Вечером я сел в пролетку и оставил Пушкино. Коля несколько верст провожал меня на велосипеде. Стемнело. Нашла гроза, и пришлось поднять верх пролетки. Дорога шла густыми еловыми лесами, постоянно озаряемыми молнией. Часов около десяти мы въехали в старую березовую аллею, в конце которой мелькал огонек. Гроза прошла, и тетя Соня ждала меня с ужином на балкончике маленького флигеля. С тетей Соней проживала ее двоюродная сестра, тетя Лена, одинокая старушка, впавшая в полную нищету и нашедшая последний приют в Трубицыне. Об этой старушке будет речь впереди. Пока замечу только, что она была совсем маленькая. Головка у нее была круглая и розовая и непрерывно тряслась, несколько склоняясь набок, — последствие перенесенного удара. Нос, рот и глаза — все было у нее кругленькое. В глазах выражалась бесконечная кротость и терпение.

Две старушки ютились во флигеле, а большой старинный дом стоял совершенно пустой. Мне постлали в нем постель, и я очутился один со свечой в обстановке XVIII века. Много потом я живал в этом доме, который казался весь полон тенями прошлого. По стенам висели картины голландской школы и два херувима Рафаэля. В старинных шкафах виднелись коричневые корешки Дидро. Бабушка моя вырастала в обществе Баратынских, Дельвигов, Тютчевых, хранила их письма, автографы стихов и портреты.

Я блаженно уснул на большом зеленом канапе, убаюканный лепетом XVIII века. Утром выбежал в сад, сбежал к маленькой студеной реке. Полюбовался многовековой сосной, главным украшением сада. Добрые старушки закармливали меня на убой: хлеб был жирный и сладкий, как кулич, к чаю подавались варенья всех сортов.

У тети Сони я впервые попал в обстановку настоящего имения, с коровами, овцами и работниками. Ведь Дедово было давно уже не имением, а загородной виллой. Здесь все было другое, начиная с окружающей природы. В Дедове — ровные болота, нежные березовые леса, голубые пруды и море цветов. В Трубицыне — более холмисто, леса еловые, величественные и угрюмые, небольшая река, берега которой в некоторых местах заросли чащами, напоминающими тропическую заросль. Здесь прошлое встает властнее, чем в Дедове. Заехав к тете Соне, можно совсем забыть свое время и почувствовать себя современником Жуковского. Я несколько дней наслаждался у тети Сони, но пора было ехать домой. Ведь это было мое первое самостоятельное путешествие, и мать обо мне беспокоилась.

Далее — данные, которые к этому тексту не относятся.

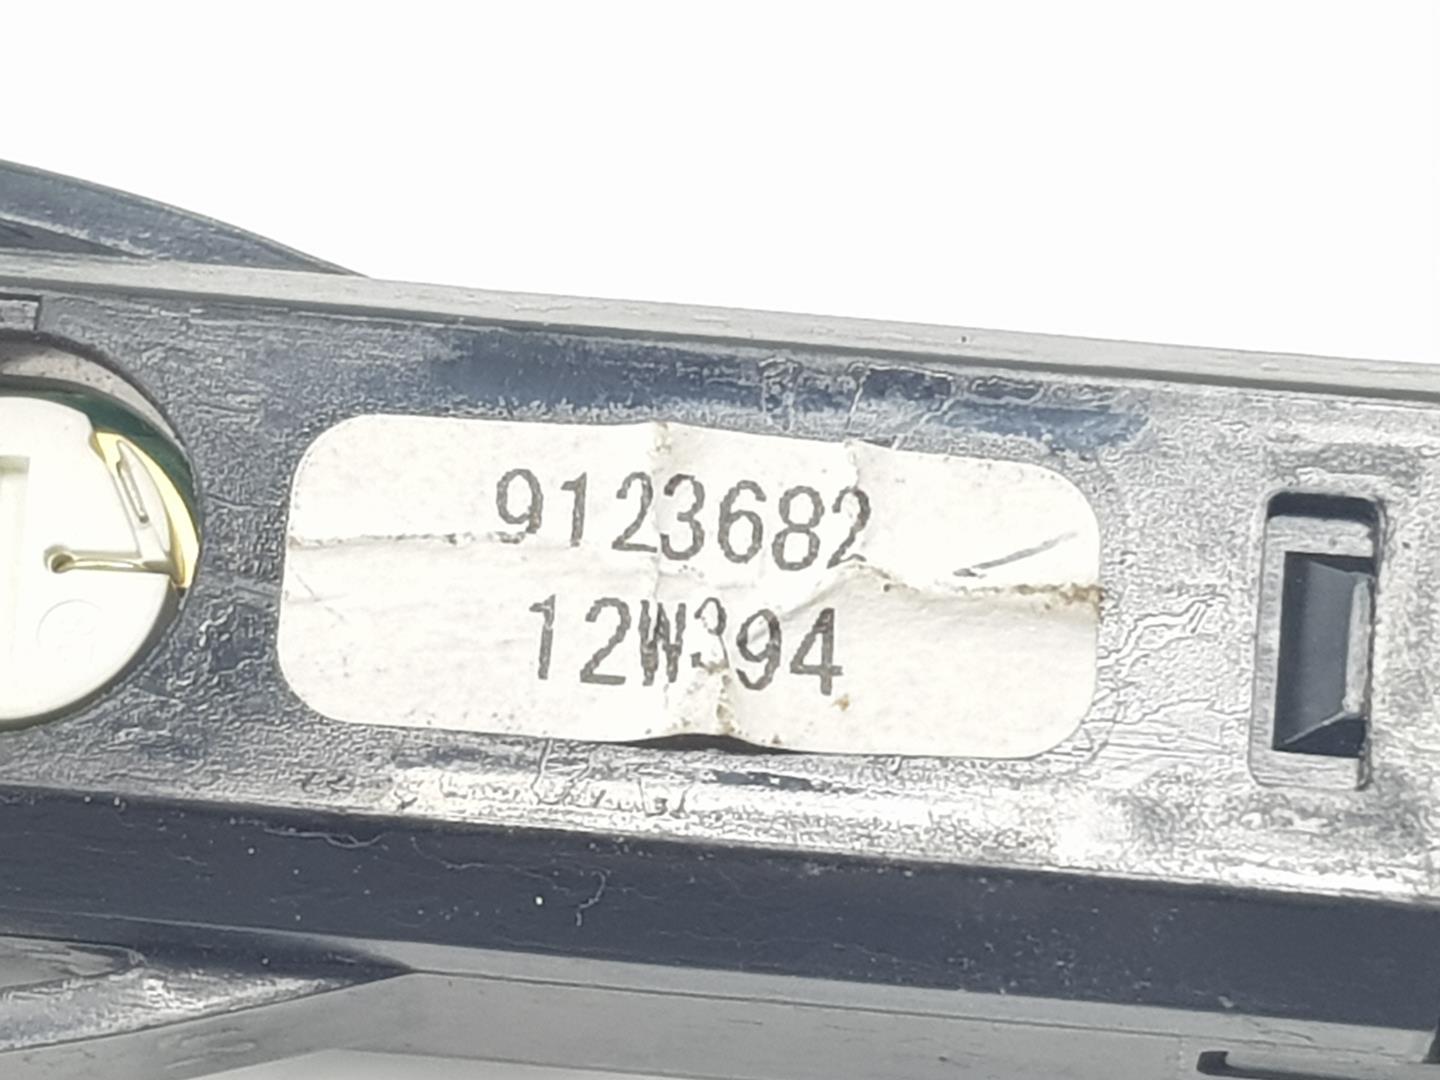 VOLVO V40 2 generation (2012-2020) Hazard button 9123682, 9123682 23093303

В начале августа приехала Эльза со своей старшей сестрой Юлей. Если даже в Эльзе подозрительный юдофоб Бугаев заподозрил еврейку, то в Юле эти черты были выражены с полной ясностью. Она мне в первые минуты не понравилась: она была горбоноса и трещала еще больше, чем Эльза.

Стояли мокрые августовские дни, в цветниках цвели флоксы, в роще уже падали желтые листья. Эльза и Юля жили во флигеле Марконетов. Мы собирались там каждый вечер, дядя Витя, тетя Вера, дядя Коля, Маруся и я. Барышни пели песни, мы играли в фанты, в шарады. С Юлей приключилась какая-то болезнь, и она не могла выходить. У меня развивалась к ней особая нежность и преданность. Через неделю я уже решил, что люблю ее на всю жизнь и после ее замужества заведу с ней длительный и неврастенический роман. Отец мой весьма косился на вечера в доме Марконетов. Он был недоволен мной, а особенно возмущал его дядя Витя, который распустился и отечески поцеловал Эльзу прямо в губы.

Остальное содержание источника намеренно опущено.